I'll give you $1 for it. Eh, I'll give you $2.00.


----------



## vote4pedro (Dec 28, 2009)

you might be able to get $30-$40 or so on craigslist. it would be easier to sell to a beginner if you have some old bindings you can trow on it.


----------



## Leo (Nov 24, 2009)

vote4pedro said:


> you might be able to get $30-$40 or so on craigslist. it would be easier to sell to a beginner if you have some old bindings you can trow on it *because they are suckers*.


I corrected your post to reveal the actual meaning behind it :laugh::laugh::laugh:

In all honesty though, your board is not worth anything. 2001 is considered ancient in the snowboard world. You can make a nice bench out of it though. That's what I would do


----------



## NinjaSteez (Jul 22, 2010)

Leo said:


> I corrected your post to reveal the actual meaning behind it :laugh::laugh::laugh:
> 
> In all honesty though, your board is not worth anything. 2001 is considered ancient in the snowboard world. You can make a nice bench out of it though. That's what I would do


Ha yeah actually make it into a bench and then sell it. I bet you'd get twice the value yo!


----------



## BurtonAvenger (Aug 14, 2007)

It's worth as much as someone wants to pay for it.


----------



## Leo (Nov 24, 2009)

NinjaSteez said:


> Ha yeah actually make it into a bench and then sell it. I bet you'd get twice the value yo!


Now that is a great idea. Very true, you'd probably make a decent sum actually if you sold it as a bench.


----------



## vote4pedro (Dec 28, 2009)

Leo said:


> I corrected your post to reveal the actual meaning behind it :laugh::laugh::laugh:
> 
> In all honesty though, your board is not worth anything. 2001 is considered ancient in the snowboard world. You can make a nice bench out of it though.

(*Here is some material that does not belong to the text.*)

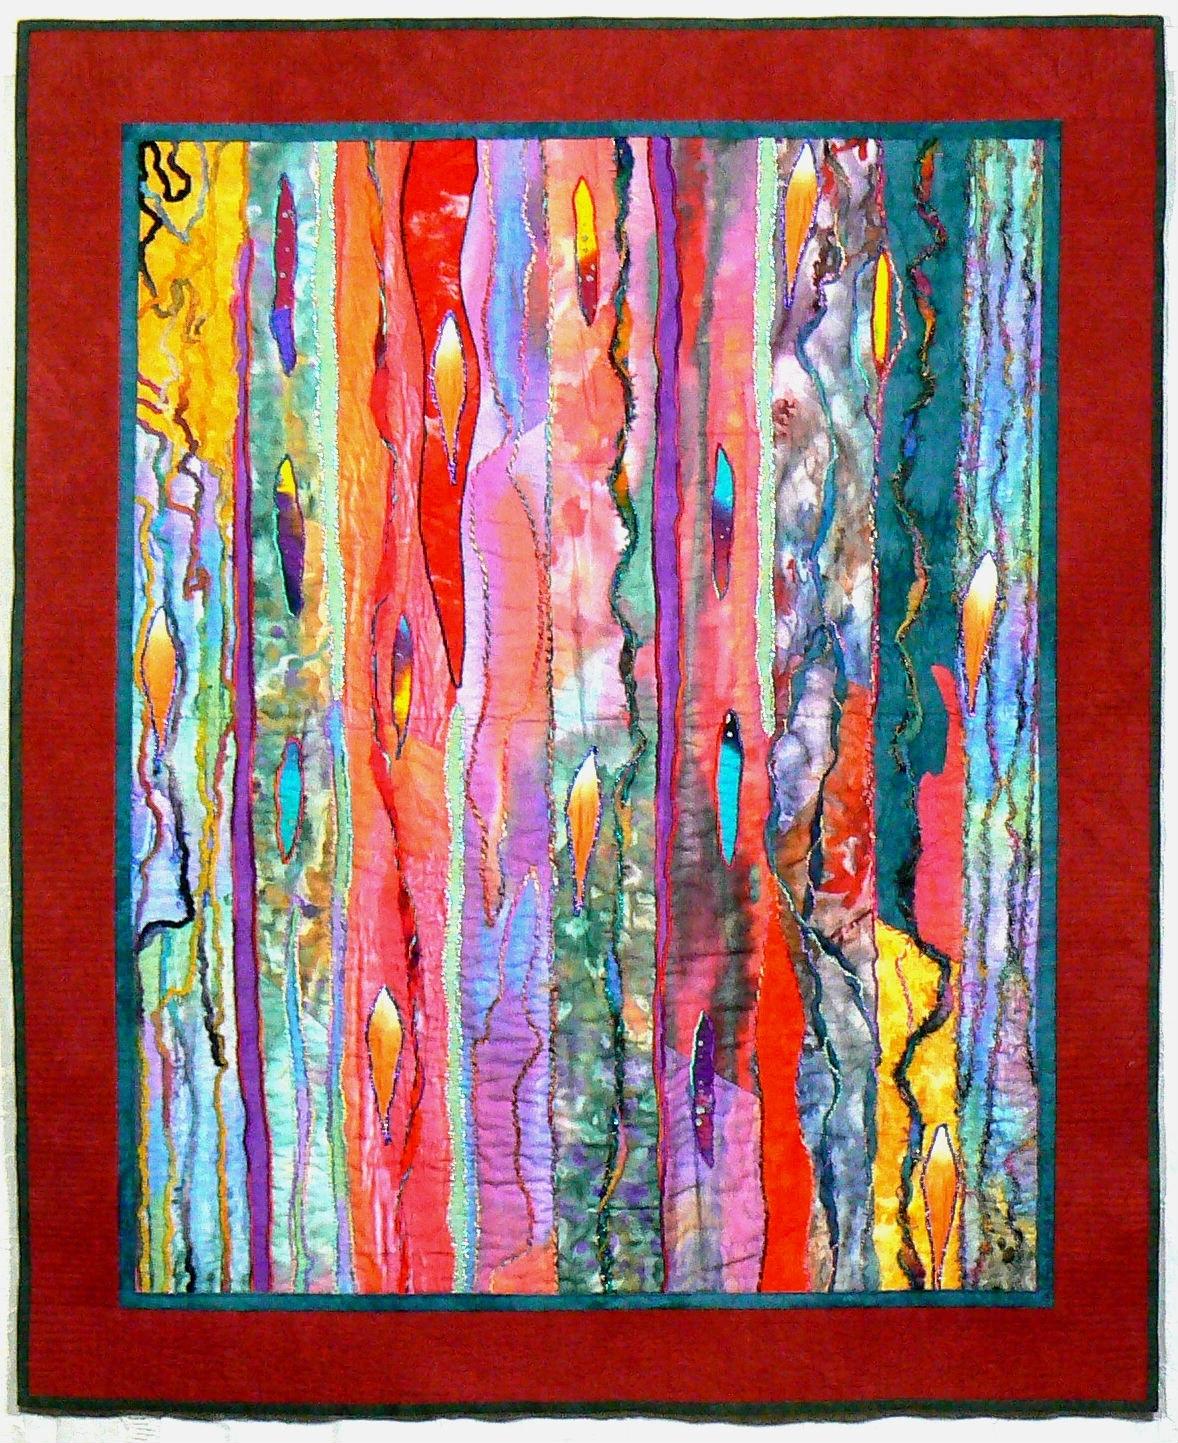 Fiber Art Quilt, Art Wall Hanging, Contemporary Quilt, Modern Art Throughout Most Popular Quilt Fabric Wall Art (View 4 of 15)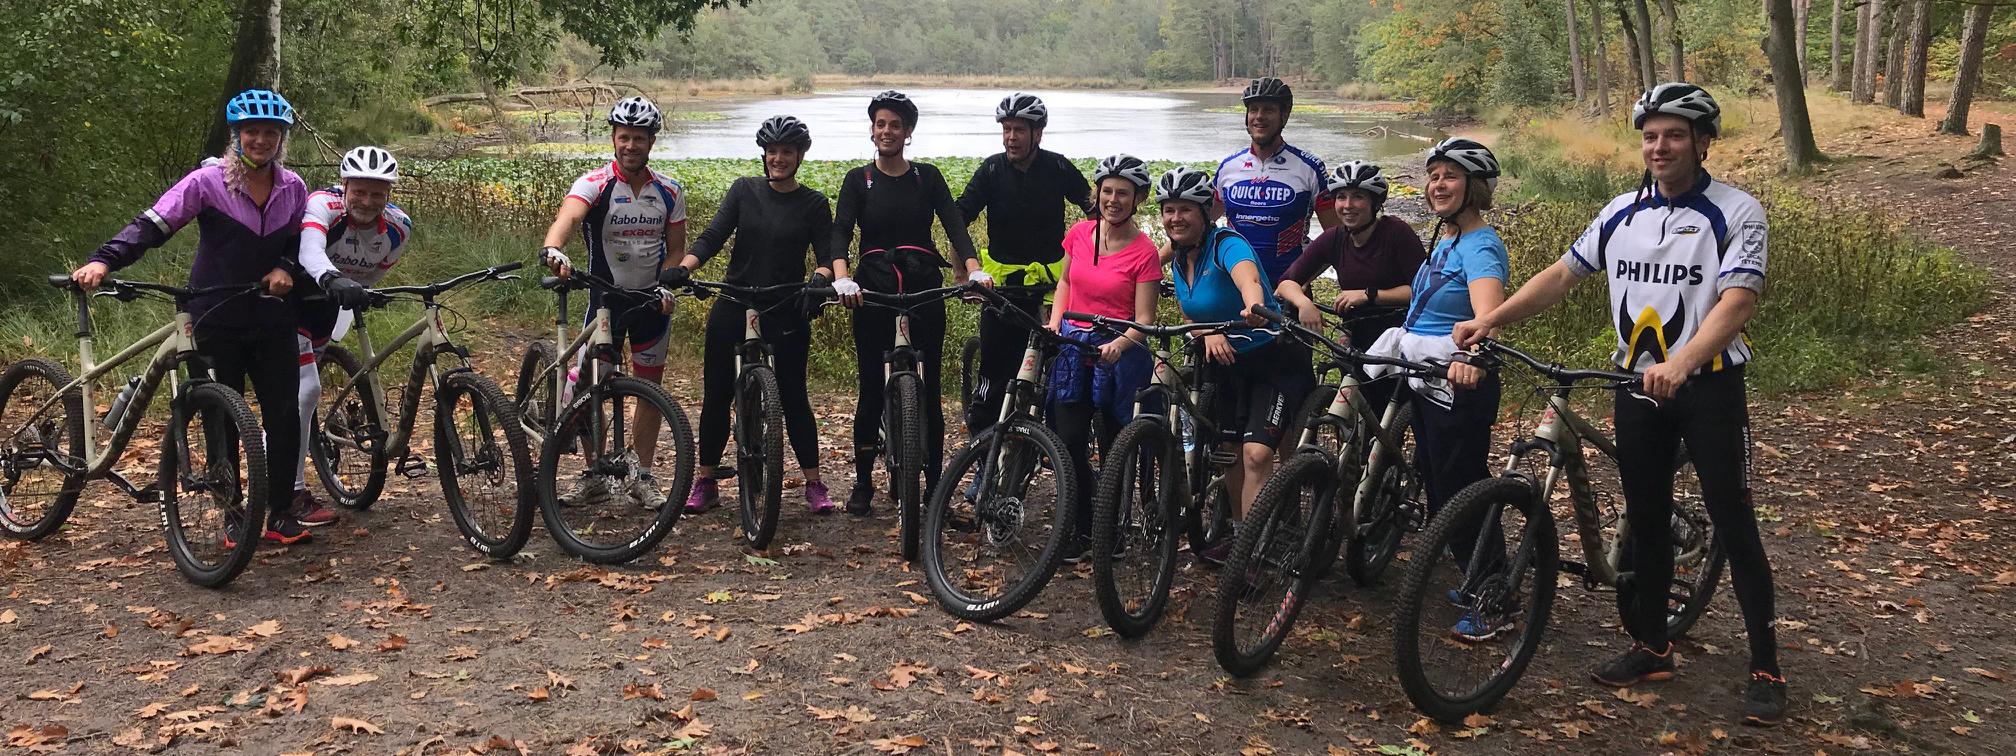 Mountainbike tour Eindhoven

That's what I would do


that's basically what i meant. i'd imagine the craigslist post would look something like this...

like new burton snowboard. 

save money on rentals with this burton snowboard. great for beginners. for only $40, it pays for itself one day on the snow. will also consider trades. firearms, alcohol, fighting dogs, etc.


----------



## vote4pedro (Dec 28, 2009)

NinjaSteez said:


> Ha yeah actually make it into a bench and then sell it. I bet you'd get twice the value yo!


reminds me of these guys. a friend bought a couple stools from them. they're pretty badass.

deckstool recycled skateboard furniture broken skateboard stool design excellent skateboarder gift


----------



## NinjaSteez (Jul 22, 2010)

Whoa, damn those are some steezy lookin stools. Yeah see remonvv, those guys are selling those things for like $200. And considering a skate deck costs $40 bucks at most. These guys have to be making some profit.


----------



## vote4pedro (Dec 28, 2009)

NinjaSteez said:


> Whoa, damn those are some steezy lookin stools. Yeah see remonvv, those guys are selling those things for like $200. And considering a skate deck costs $40 bucks at most. These guys have to be making some profit.


It looks like it takes 5 decks. 4 for the legs, 1 for the seat. But they make them out of broken decks mostly, so they probably get them cheap. Most of the $200 probably goes into labor. I'm guessing it probably takes at least half a day to make one.


----------



## NinjaSteez (Jul 22, 2010)

Yeah thats true, still. For somethin that you would enjoy doing probably an off to the side job too. Im goin to make one.


----------



## vote4pedro (Dec 28, 2009)

It doesn't look like they'd be too hard to make. just time consuming. probably the hardest part is getting all 4 boards exactly the right length so there's no wobble. a nice detail is the hardware is old skate trucks.


----------